Records drawn from a dataset
▶
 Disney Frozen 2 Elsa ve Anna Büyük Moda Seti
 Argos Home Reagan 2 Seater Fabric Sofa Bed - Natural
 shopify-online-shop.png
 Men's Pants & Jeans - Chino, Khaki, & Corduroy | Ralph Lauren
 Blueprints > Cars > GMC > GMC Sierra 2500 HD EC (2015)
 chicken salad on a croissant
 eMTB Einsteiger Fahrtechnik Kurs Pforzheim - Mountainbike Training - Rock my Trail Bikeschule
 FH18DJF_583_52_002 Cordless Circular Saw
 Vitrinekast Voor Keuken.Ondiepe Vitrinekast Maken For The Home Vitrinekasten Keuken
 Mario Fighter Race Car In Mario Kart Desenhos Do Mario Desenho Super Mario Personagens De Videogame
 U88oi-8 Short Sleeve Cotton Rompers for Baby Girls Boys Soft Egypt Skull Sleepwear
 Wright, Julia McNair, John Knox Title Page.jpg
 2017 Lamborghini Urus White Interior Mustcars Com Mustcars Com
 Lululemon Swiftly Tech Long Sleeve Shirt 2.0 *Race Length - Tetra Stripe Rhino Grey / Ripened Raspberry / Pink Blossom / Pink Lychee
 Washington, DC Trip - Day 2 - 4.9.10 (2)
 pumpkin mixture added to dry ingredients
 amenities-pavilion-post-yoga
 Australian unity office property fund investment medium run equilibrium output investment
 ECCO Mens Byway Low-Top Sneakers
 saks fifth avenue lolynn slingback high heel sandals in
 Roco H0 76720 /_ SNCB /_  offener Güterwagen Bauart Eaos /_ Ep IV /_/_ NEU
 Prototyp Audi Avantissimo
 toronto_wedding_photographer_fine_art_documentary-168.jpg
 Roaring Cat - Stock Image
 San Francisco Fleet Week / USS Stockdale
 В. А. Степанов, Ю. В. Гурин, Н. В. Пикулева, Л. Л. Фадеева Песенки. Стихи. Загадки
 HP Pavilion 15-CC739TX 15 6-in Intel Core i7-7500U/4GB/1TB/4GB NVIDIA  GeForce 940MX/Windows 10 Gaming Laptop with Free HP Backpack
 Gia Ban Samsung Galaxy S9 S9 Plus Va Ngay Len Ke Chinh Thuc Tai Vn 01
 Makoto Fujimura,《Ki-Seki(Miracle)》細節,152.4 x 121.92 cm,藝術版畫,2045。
◀
Exactly reproduce the lines of the entries above, from the one containing "Gia Ban Samsung" to the very last, and no others.

• TASK RESULT:
 Gia Ban Samsung Galaxy S9 S9 Plus Va Ngay Len Ke Chinh Thuc Tai Vn 01
 Makoto Fujimura,《Ki-Seki(Miracle)》細節,152.4 x 121.92 cm,藝術版畫,2045。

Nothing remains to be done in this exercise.